My current precalc teacher is sooooo cute! Though he's probably in his 30's or something haha. It's motivating me to do well in the class, otherwise I'd do terribly.:wink2:


----------



## Like a Fox (Apr 10, 2012)

I wish I had some. I'm a (nearly)26 year old first year in a sea of teenagers. I'd kill for a hot prof.


----------



## Deleted member 33527 (Apr 10, 2012)

Lol I feel bad for you. Try RateMyProfessor the next time you sign up for classes and sign up for the hot teachers! That's actually what I did this quarter haha.


----------



## Like a Fox (Apr 10, 2012)

I have a mild crush on my history lecturer, but only because he's so nerdy and awkward. And he's not actually hot by any measure.
There are some super hot boys in a few of my classes, but they're 21 years old, at best. Bleh! Haha.


----------



## Deleted member 33527 (Apr 10, 2012)

We are on opposite sides of the spectrum. I wish there were hot 21 year olds around here. There are some pretty cute guys but their hotness is overshadowed by their immaturity. And so all I can do is stare dreamily at my handsome 30 year old college teachers lol.


----------



## Like a Fox (Apr 10, 2012)

21 year olds ARE immature


----------



## Deleted member 33527 (Apr 10, 2012)

Haha. Would you ever date a guy in his 30's? I think my prof might be your type, maybe I should hook you guys up.


----------



## Like a Fox (Apr 10, 2012)

Haha, great! 
I am actually coming over to the US for all of November and most of December this year. Maybe I should swing past Washington (right?).


----------



## Deleted member 33527 (Apr 10, 2012)

That's right. It's a date then! 

Now all we have to do is tell him some girl is coming from Australia to go out with him lol.


----------



## elite (Apr 10, 2012)

Back in middle school there was a super hot 20 something female teacher that I believe was everyone's first crush. We were a bunch of 12 year olds at the time! She was really kind to us though, me and my friends chatted with her a lot since we always sat at the front, near her desk. She even let us borrow money to buy a snack one day when we forgot our money for lunch. As a teacher she was pretty merciless, though.

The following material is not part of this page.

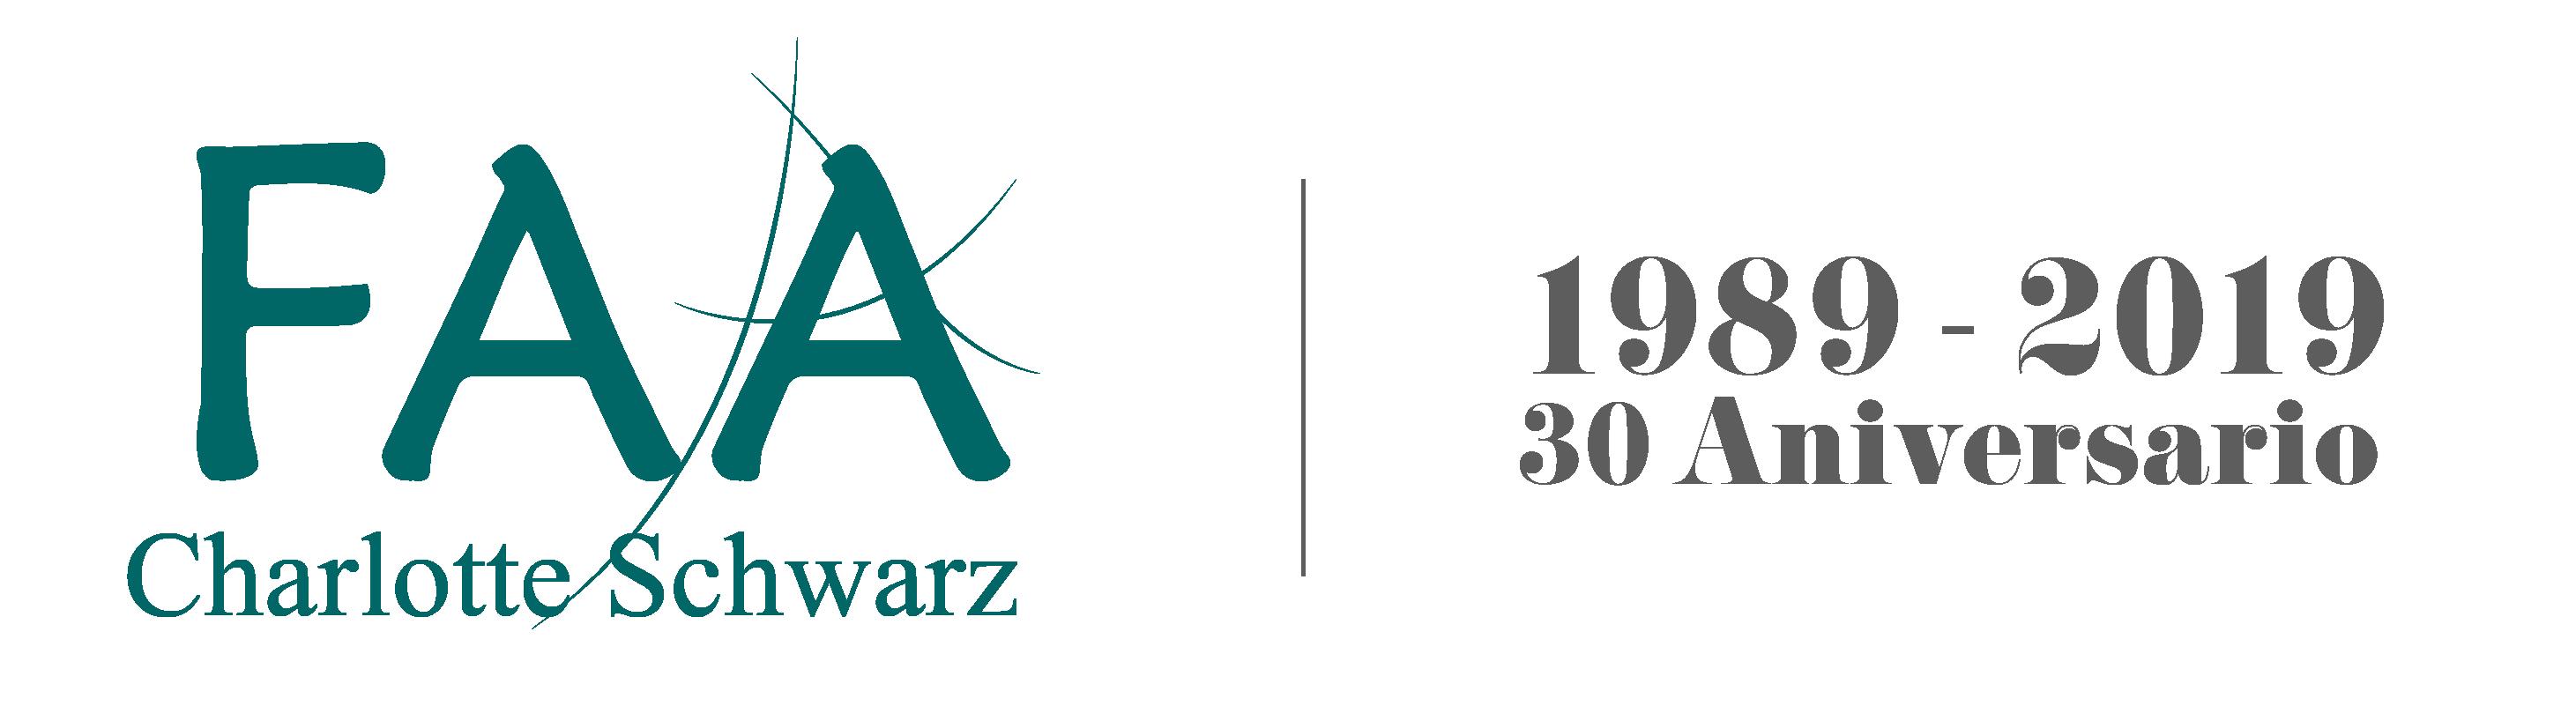 Fundación Argentina de Afasia Charlotte Schwarz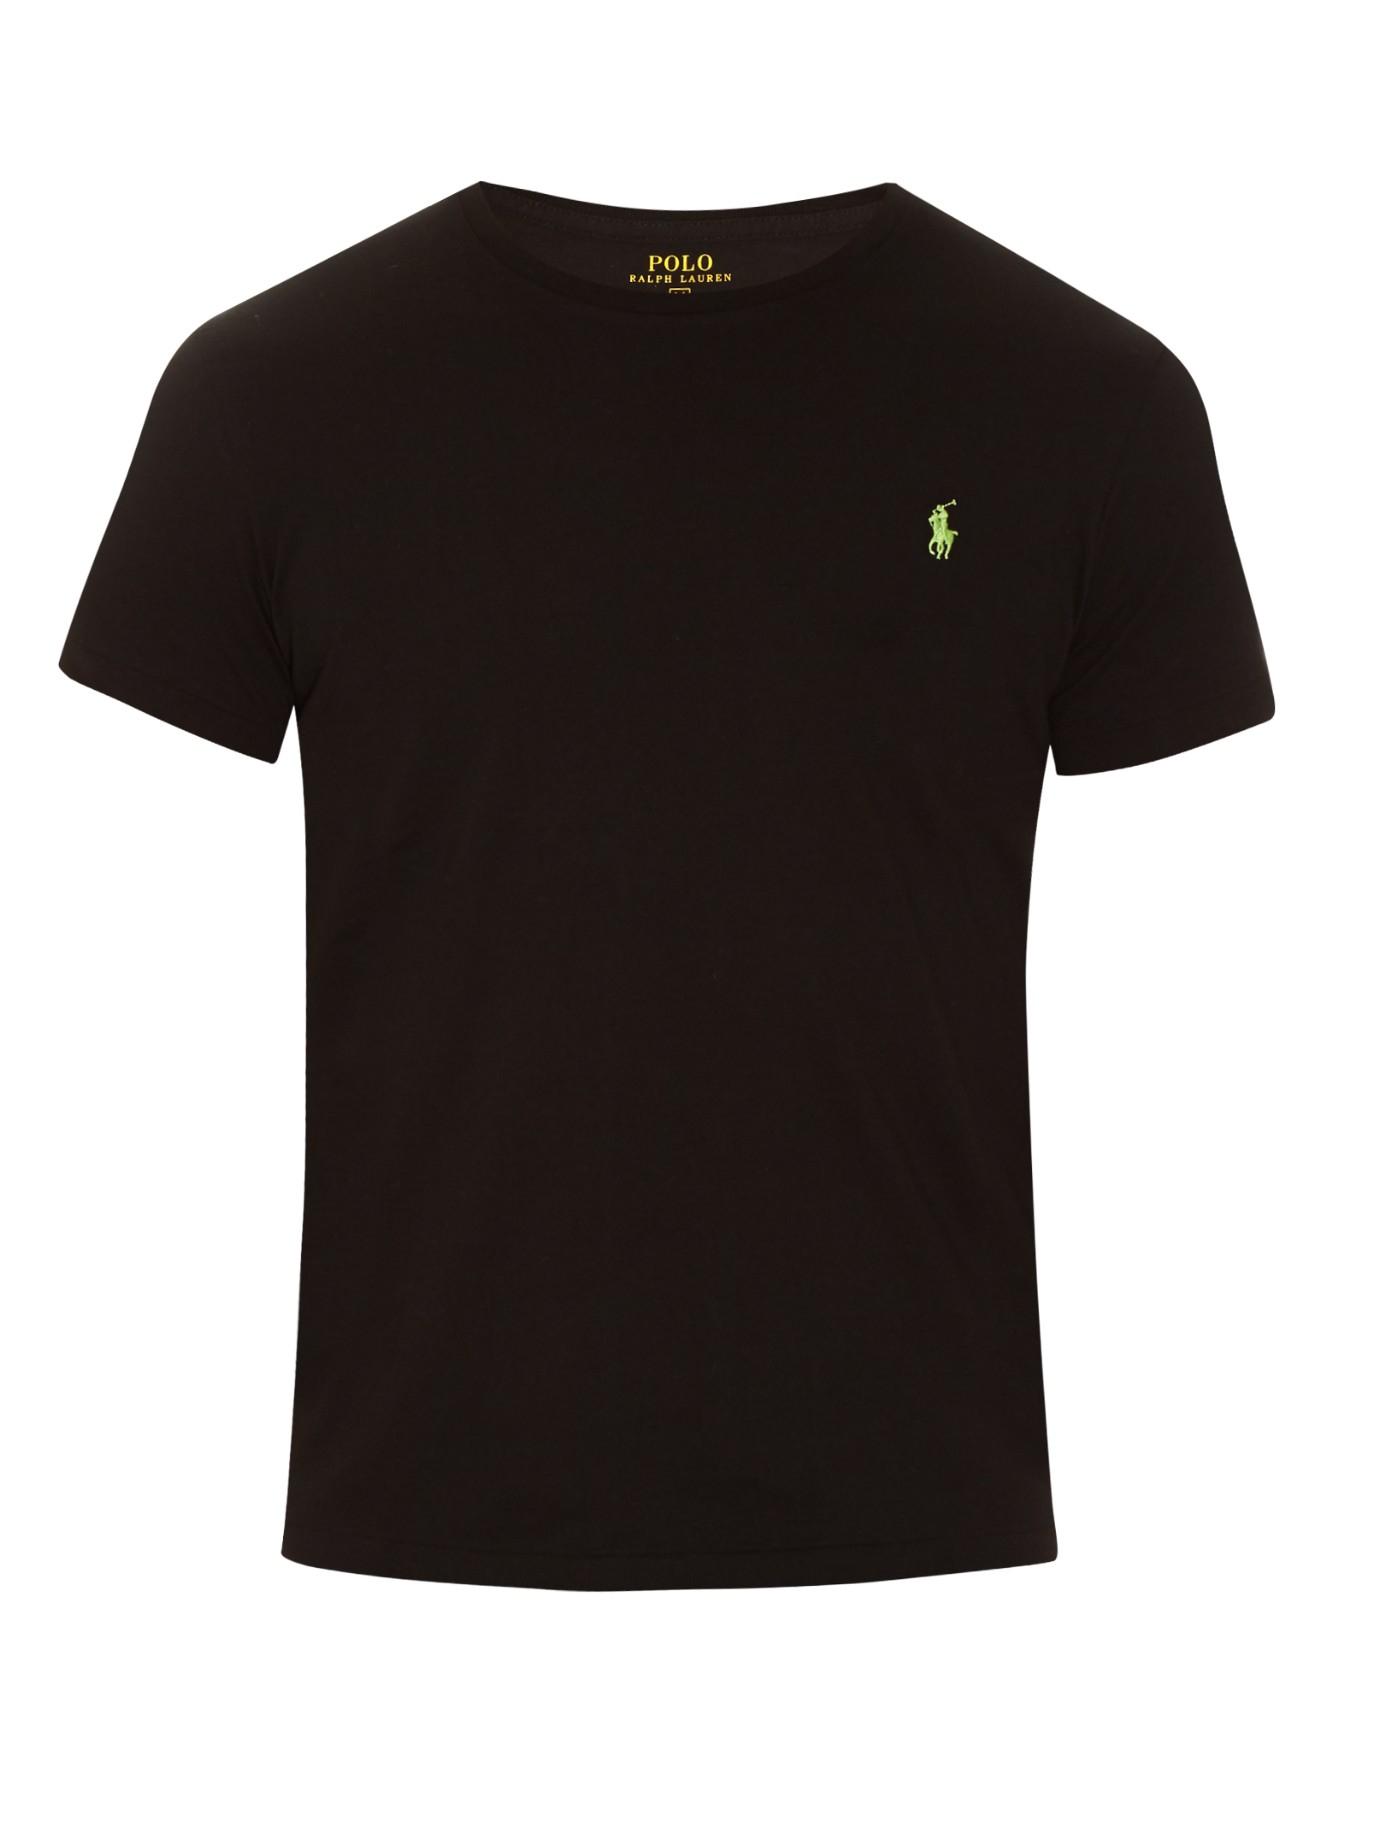 polo ralph lauren crew neck cotton t shirt in black for. Black Bedroom Furniture Sets. Home Design Ideas

Then in my last year came this male 24 year old teacher that gave geography classes (coincidentally, the other teacher also gave geography), so the girls also had their share. He also gave classes at the local Catholic University at the time (awesome, right?), he was a really good teacher and a very smart guy. After I graduated I found out one of my classmates actually went out with the guy after she graduated!

Now that I'm in university, not so. I'm majoring in CS so most of my teachers are male and there are hardly any girls around to tell me if they have a crush on him. Most are decent looking though, if not a tad short.


----------



## Deleted member 33527 (Apr 10, 2012)

Mmm dating your professor. Wonder what that would be like...


----------



## Kevin (Apr 10, 2012)

'Ee-yew! There like all _beardy_, and stuff... '- juno  :rabbit:. 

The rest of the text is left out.